Svedovsky 8x10 First Look

Hubert Banaszkiewicz

After a couple of years of contradictory information, uncertainty and wating it is finally there…! Stanislaw Szwedowski decided to create an outdoor 8×10 camera which wouldn´t have the typical faults of 8×10 outdoor cameras and be at the same time lightweight, durable and beautiful.

To be honest I did not expect to get to see such a great camera. Opinions one can find on the Internet are often biased by the positive impression of the reviewer-owner and only after buying it shows whether the camera is indeed as good as expected… These are not cheap toys and in my case it took some time before I found a perfect camera for my purposes: it is a Canham Traditional 8×10. In this review therefore, I allow myself to compare some features of Svedovsky to the Canham – a camera coming from a completely different price range, anyway (about 4100 $ + custom fees and tax).

Stanislaw´s cameras are made from glued mahogany layers, a fact which assures the maximal wood stability and increases its resistance to time-related changes. This is very important because once the wooden elements of a camera start to buckle they usually need to be completely replaced or at least refixed in a high degree. This is not a nice thing to do… Svedovsky 8×10 is available in three different colours: natural wood, black and red mahogany.

The design is well known: first of this kind of cameras were produced by Philips, today they are made by Shen Hao and Chamonix.

1. The rear standard can be tilted (base tilt front 70°, back 10°)
2. The front standard is led by two powerful titanium rails

Thanks to these solutions the rear standard is much more stable, the camera gains size and weight, and the front standard is so extremely stable that it far exceeds all outdoor cameras that I have ever known. It can be easily compared in this context to a Sinar „Norma“ (not to confuse with Sinar F or P).
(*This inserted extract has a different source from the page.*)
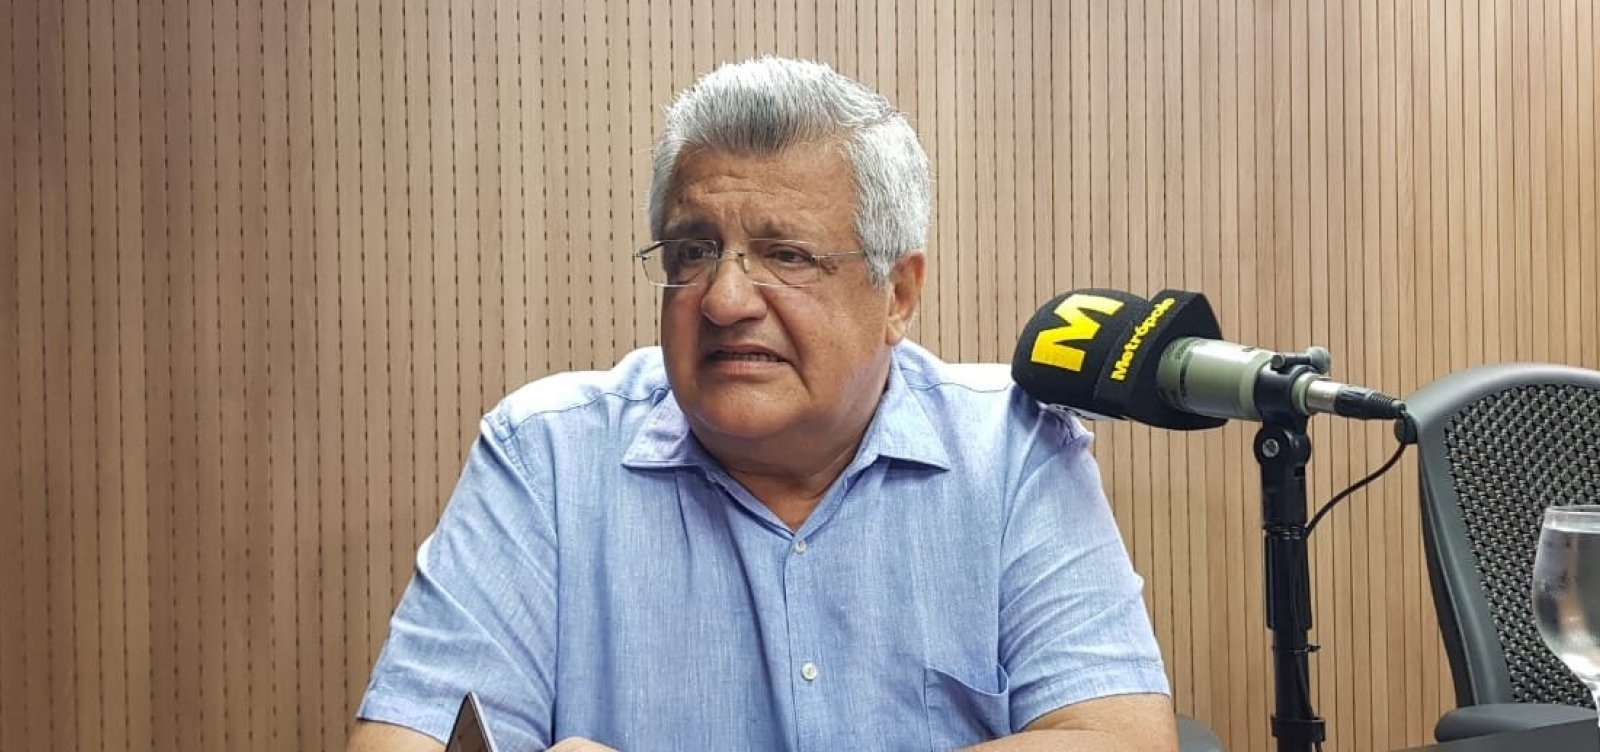 Bacelar lança pré-candidatura à prefeitura de Salvador e avalia Isidório na vice

What does it mean for photographers who like using long focal lengths? For a 8×10 negative long focal lengths start from 480 mm on, at which lens the majority of cameras turn into shaking toys… One starts waiting for the wind to stop blowing, at the same time trying to shorten the exposure time as much as possible. With a filter on and a small apperture typically used in landscape photography (for this particular focal length f45 and more)… it is an impossible task.
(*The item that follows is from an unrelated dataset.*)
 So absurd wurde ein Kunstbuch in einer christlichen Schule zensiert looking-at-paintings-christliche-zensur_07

A similar problem can be observed in pictorial photography where using long but tiny and lightweight antique lenses often requires to extend the camera bellows maximally. Only after developing the negatives we discover that a part of them is unsharp. (Unfortunately, even my Canham doesn´t positively stand out here and shakes like a cloth at the max. bellows extension of about 97 cm. One feature helps though, it has namely a monopod support which can be fixed underneath the front standard, and stabilizes the camera. Svedovsky 8×10 has a similar support but I do not think it would ever be necessary. This camera has just an incredible stability. Titanium rails leading the front standard

Focusing knob. Also the focusing assures stability: The leverage is small and sometimes it means turning a lot but thanks to this the precision of focus is amazing and and shaking issues could be eliminated. Big applause here!
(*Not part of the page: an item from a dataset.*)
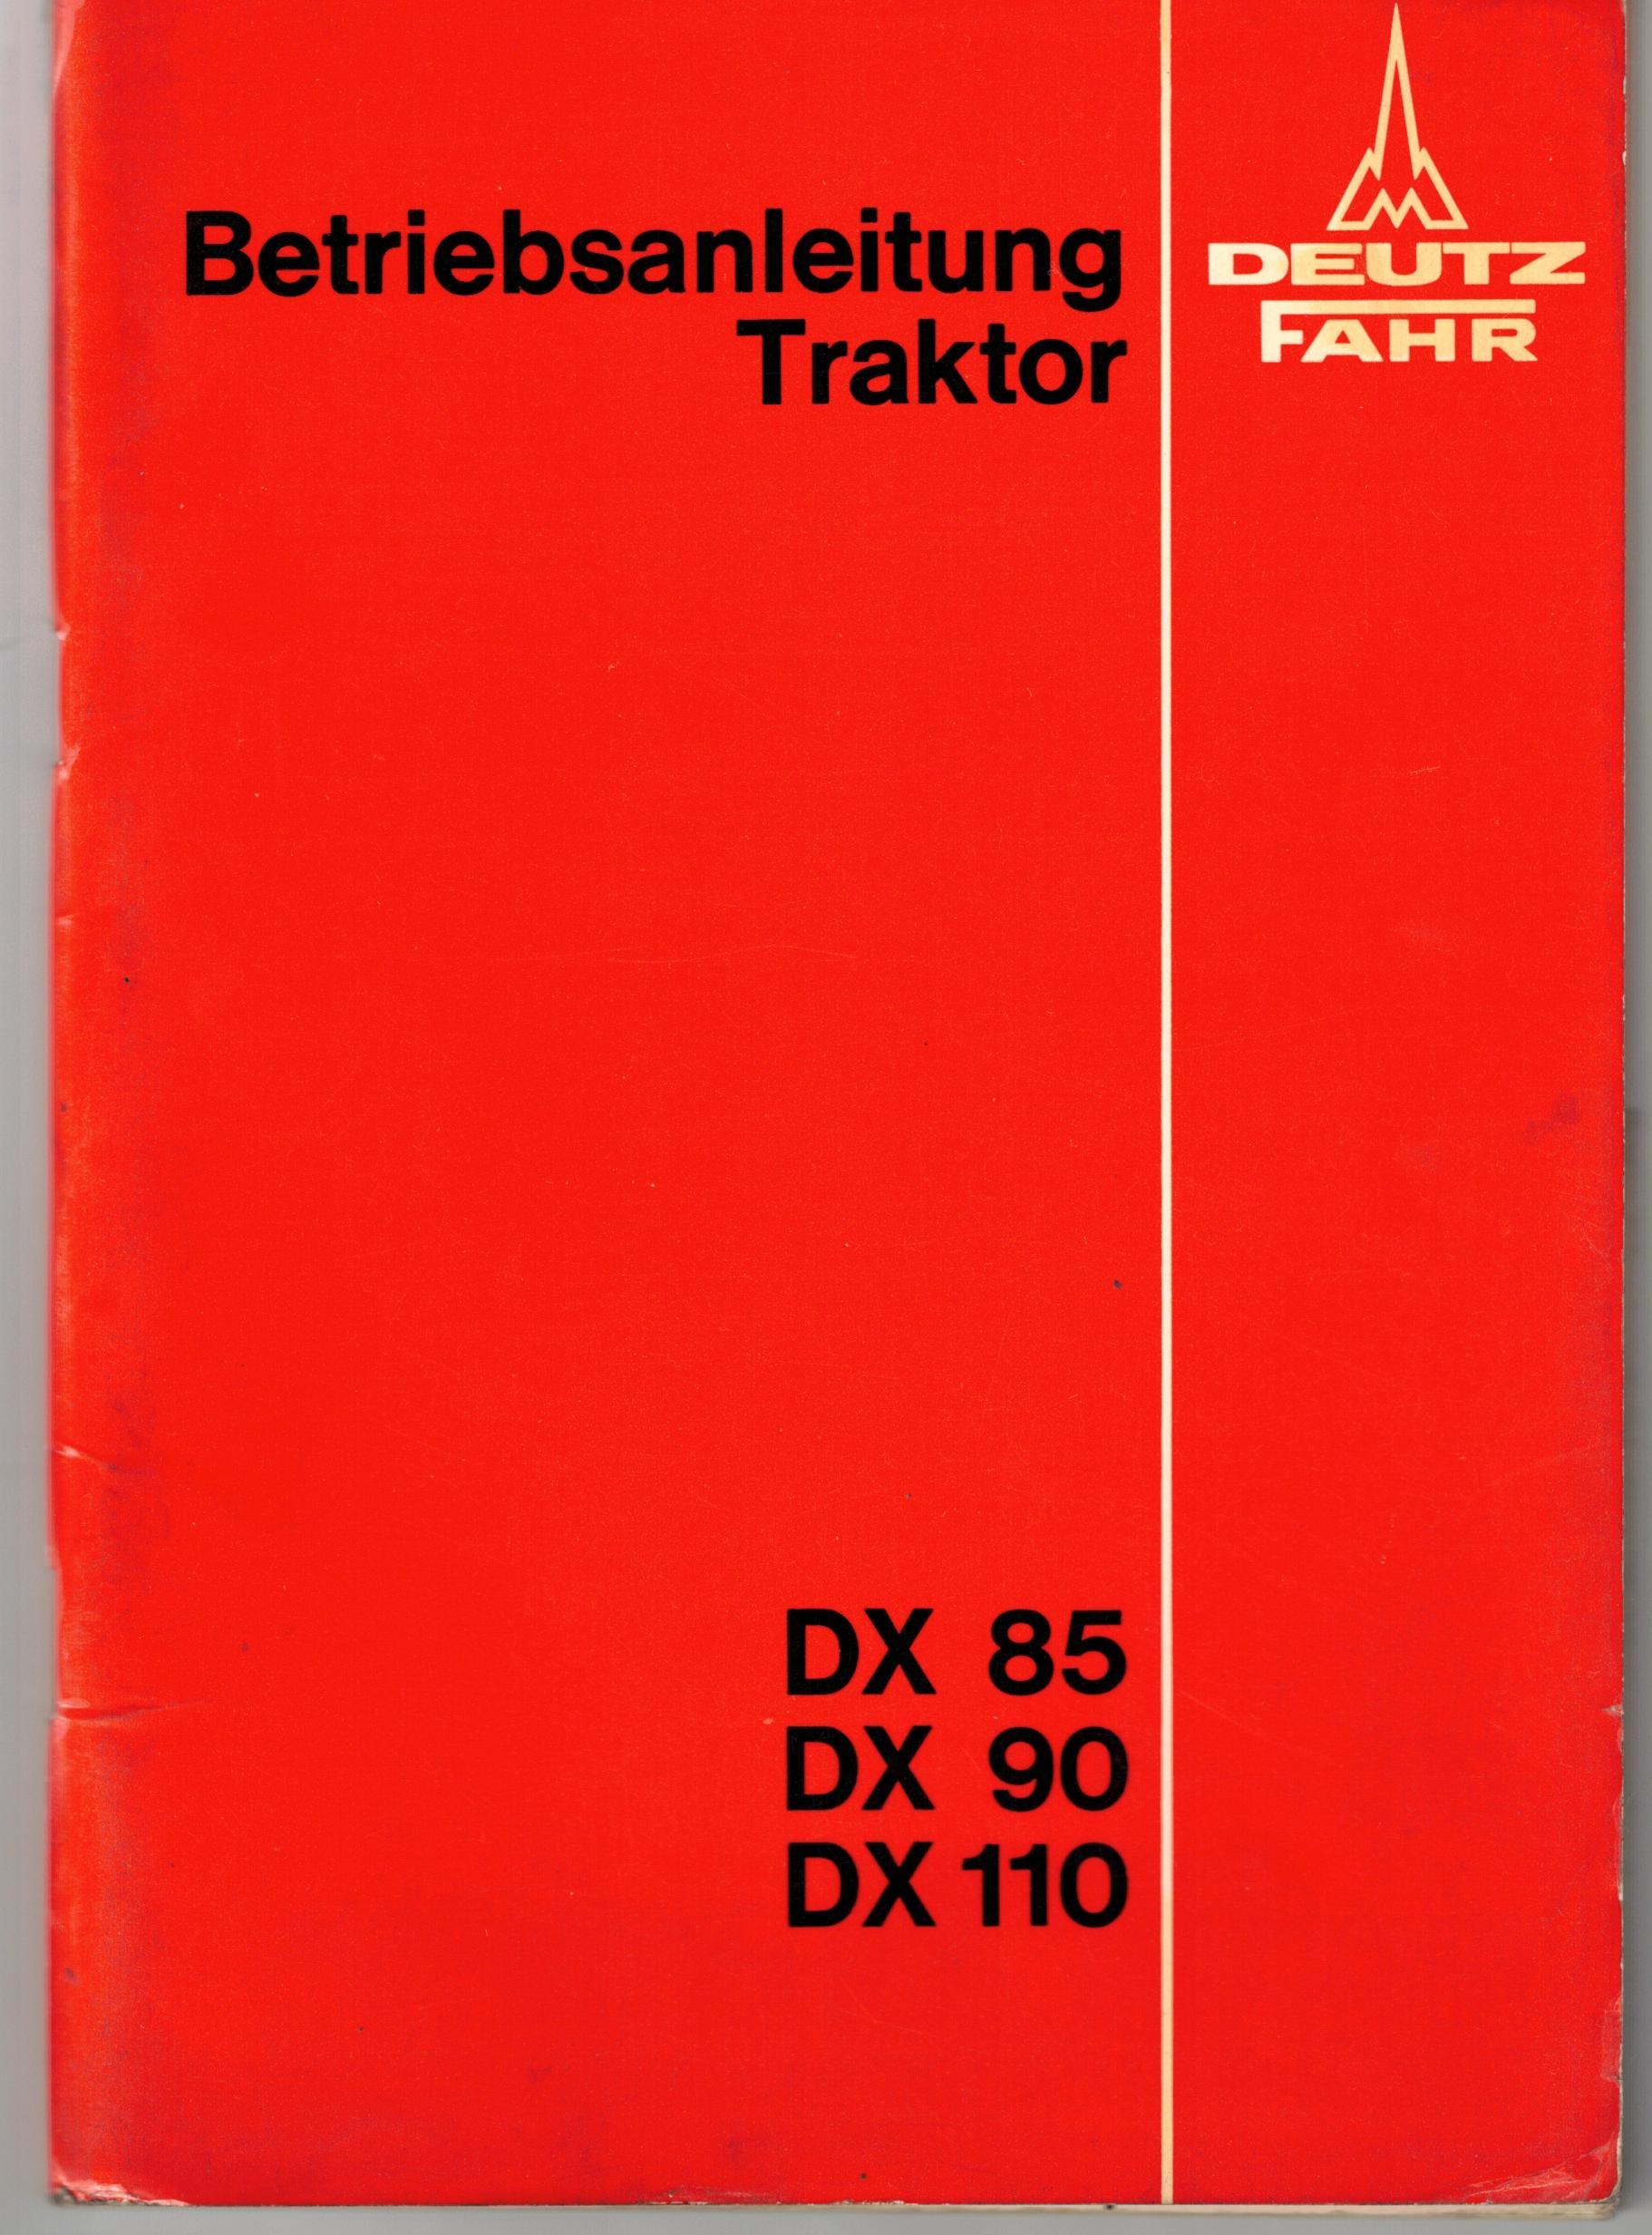 Bedienungsanleitung Deutz DX 85, DX 90, DX 110

The lens board is based on Sinar system, so both, Sinar and the wooden lens boards that come with the camera fit without problems.

The focusing screen is simply great. The front standard has individual knobs for regulation: one pair for the up-down shift and another for the forth-back tilt. The two independent regulation possibilities are a useful feature. In many other cameras it drove me crazy to losen one pair of knobs responsible for two things and see that I can´t lift up the standard without changing the angle of tilt. In case of Svedovsky 8×10 (just like in Canham cameras), this is the way it should be done.

Another nice extra thing is a tiny spirit level placed in the bottom (not on the top) – a hard to overestimate feature, usually missing in outdoor cameras where you have to stand on tip-toe in order to see the spirit level situated on the very top of the camera (like in case of Canham). Apart from this one, Svedovsky 8×10 has two more spirit levels placed on the side and on top, as well.

The maximum bellows extension is 80 cm. This allows granting all possible photographer´s wishes. And the camera… stands still like a rock. Just about everything can be done with it: a tight portrait with a 500 mm lens on? No problem… A landscape with a 65-70 cm monocle lens? No problem at all…

It doesn´t matter if you go for a walk with a „basic“ 8×10: a 210 mm wide angle, a 300 mm standard and a 480 mm long focal lens – working with this camera is a pure pleasure. At the 210 mm lens the bellows slightly limits the movements of the front standard – this must be said – but it is a normal situation while using long bellows. Luckily it is possible here to exchange a bellows if one desires to get absolutely unlimited possibilities or wants to apple small beasts like Super Angulon 165 mm or Grandagon W 155 mm.

And all this at the weight of… 5,2 kg… Canham and Chamonix are about 1 kg lighter, but this only at the cost of much worse stability of the camera. Canham offers almost absurdly huge possibilities, while Chamonix doesn´t offer anything instead…
Svedovsky 8×10 comes with a focusing screen cover and two lens boards (shutter #1 and #3). I am now looking forward to hear about the final price of Svedovsky 8×10, which most probably is going to be amazing. If you´re looking for a great 8×10 outdoor camera, I suggest you wait a tiny bit more…

At the end: an almost 2 kg heavy beast of Tele Anachromatique 400 mm doesn´t impress the stability of Svedovsky 8×10. This camera could probably handle a 3 kg lens, as well.